* [Provided entries]:
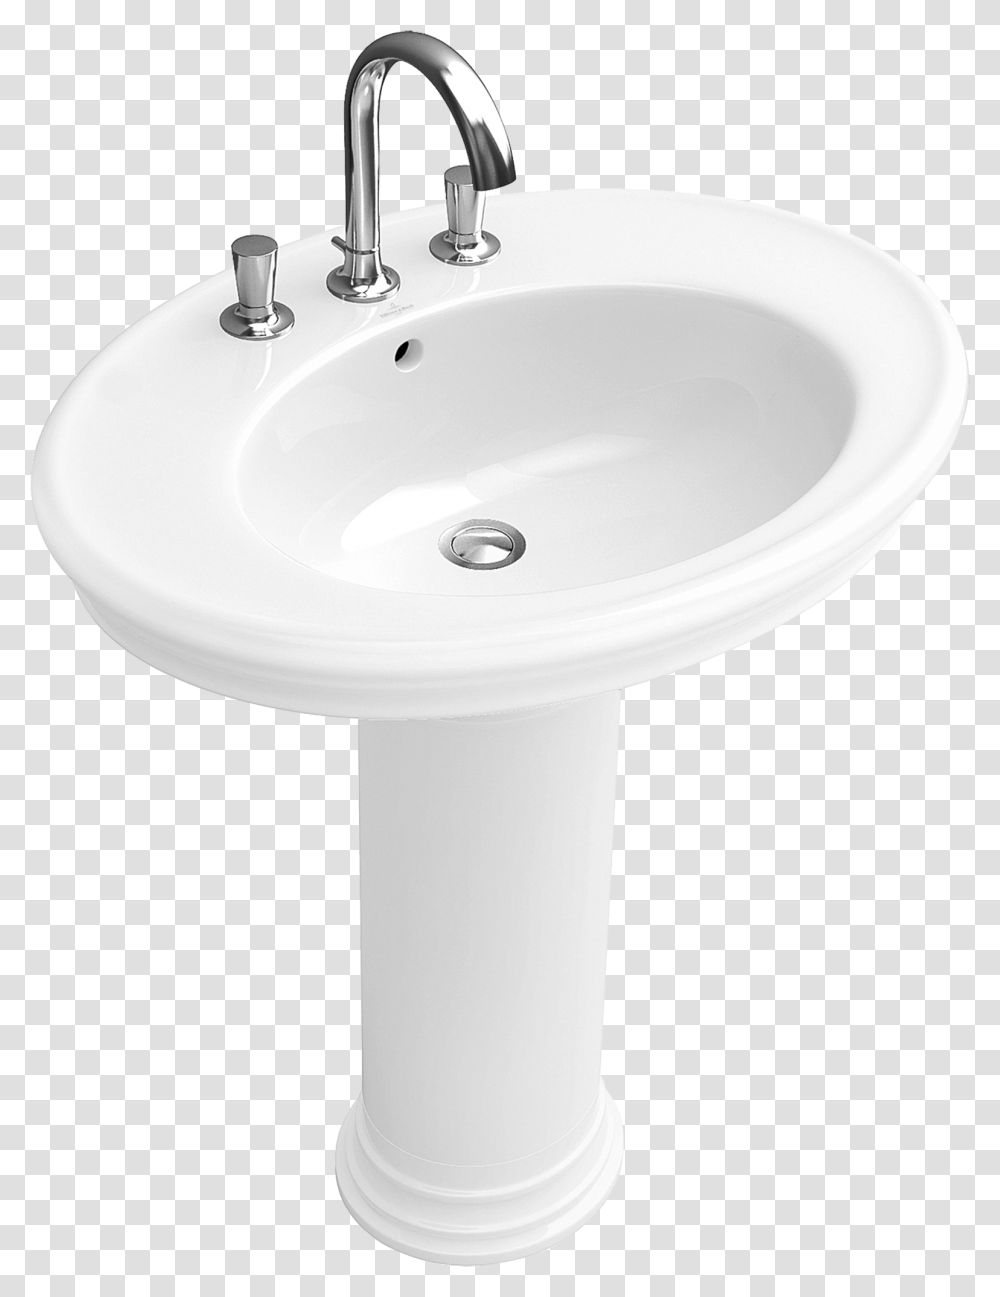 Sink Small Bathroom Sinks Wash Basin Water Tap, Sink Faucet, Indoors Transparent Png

---

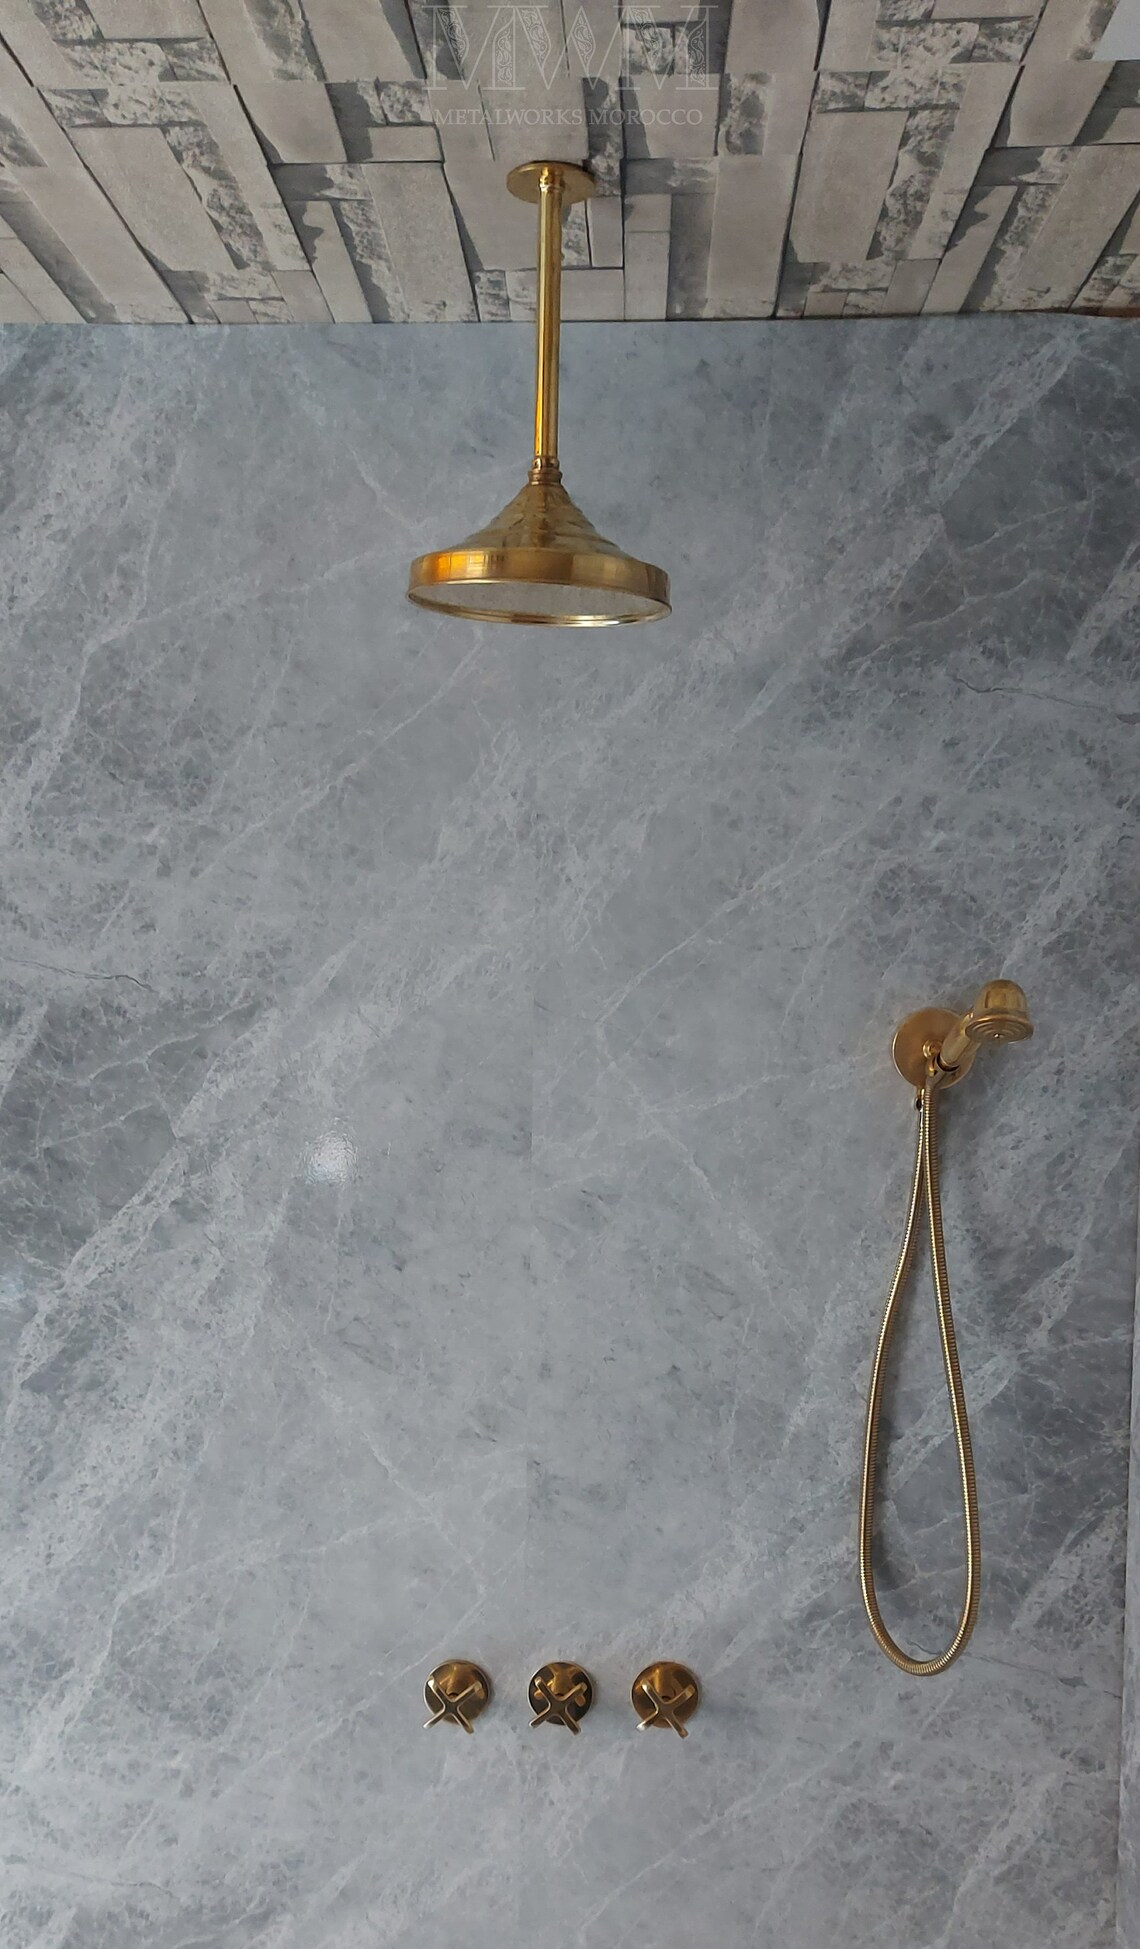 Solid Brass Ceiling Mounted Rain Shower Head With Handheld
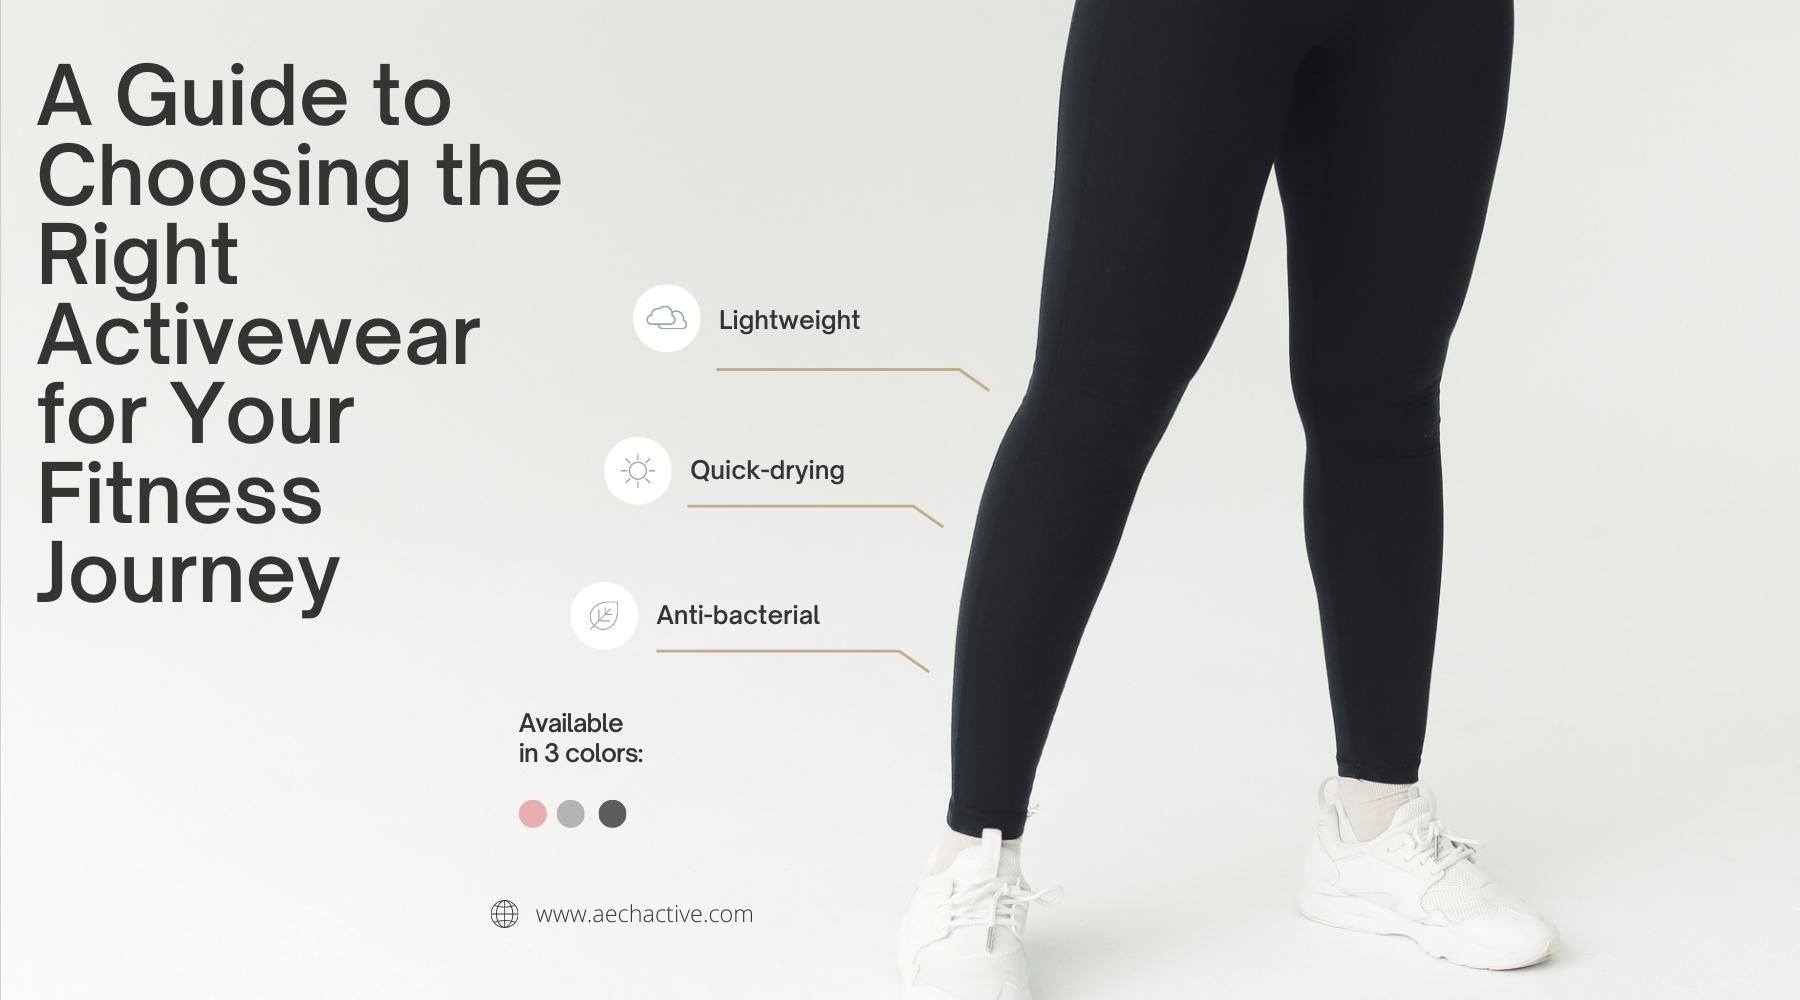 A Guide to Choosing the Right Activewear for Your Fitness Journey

---

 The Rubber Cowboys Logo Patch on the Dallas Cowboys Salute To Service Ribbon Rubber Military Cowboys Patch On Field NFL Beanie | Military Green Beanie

* [Exercise instructions]: What you write out is the stretch of entries from the line containing "Solid Brass Ceiling" to the line containing "A Guide to Choosing", word for word, with both end lines and no pictures.

* [Written response]:
 Solid Brass Ceiling Mounted Rain Shower Head With Handheld
 A Guide to Choosing the Right Activewear for Your Fitness Journey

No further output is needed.